Leda Costa 14 de março de 2016

“Indomable”, assim diz a capa do jornal esportivo uruguaio Ovación para fazer referência ao empate do River Plate com o Palmeiras. Pode parecer exagero e de certa forma o é, afinal trata-se de uma manchete esportiva e, sabemos como a imprensa costuma ser pautada no excesso. Mas o fato é que o, até então, pouco conhecido River Plate de Montevidéu tem dado trabalho a tradicionais clubes. Na noite de terça-feira de carnaval, por exemplo, o time eliminou a Universidad de Chile, na chamada pré-libertadores, o que lhe deu o passaporte para um dia memorável.

Dia 16 fevereiro de 2016 pode ser considerada uma data histórica para o Club Atlético River Plate. Em seus 84 anos, é a primeira vez que o time uruguaio participou da fase de grupos de Copa Libertadores da América. Sua primeira partida foi contra o Palmeiras time acostumado a essa competição e que possui um suporte financeiro incomparavelmente maior que o clube uruguaio.
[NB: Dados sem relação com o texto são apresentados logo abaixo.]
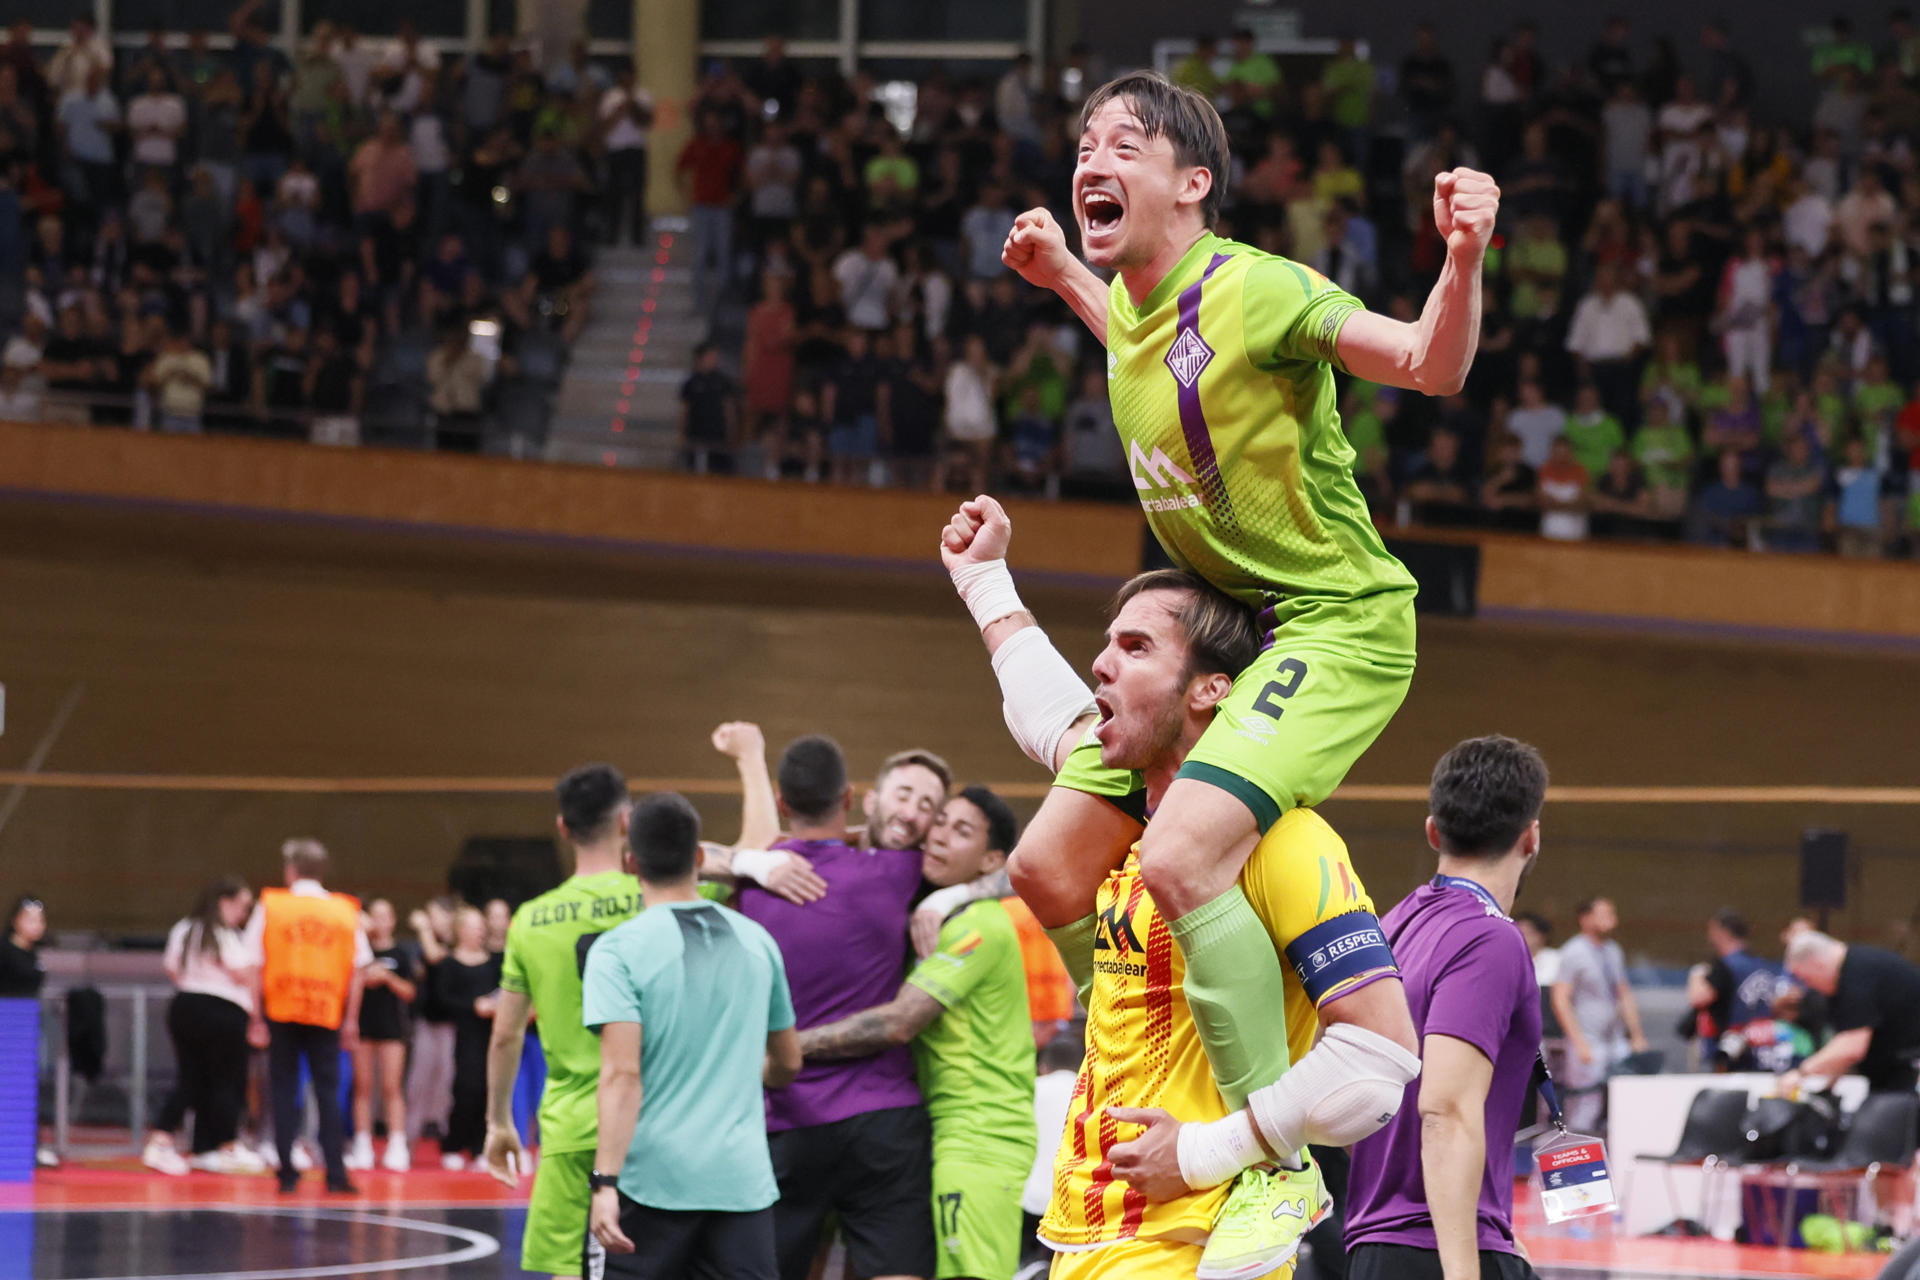 El ala del Mallorca Palma Futsal Bruno Rocha Braga "Chaguinha" (arriba) celebra la victoria ante el Sporting de Lisboa, al término de la final de la Liga de Campeones de fútbol sala disputada este domingo en el Palma Arena. EFE/Cati Cladera

A trajetória futebolística do River é modestíssima, sendo campeão de algumas edições da segunda divisão uruguaia, mas nunca da primeira. Como terceiro melhor pontuador do Campeonato nacional 2014/2015, o River Plate conseguiu a chance de disputar a fase preliminar da Copa Libertadores de 2016.

Avançar para a fase de grupos foi uma façanha e tanto.  Pode parecer pouco e, às vezes, soar meio esdrúxulo ou mesmo pitoresco considerar como grande conquista, algo que para muitos de nós é elementar.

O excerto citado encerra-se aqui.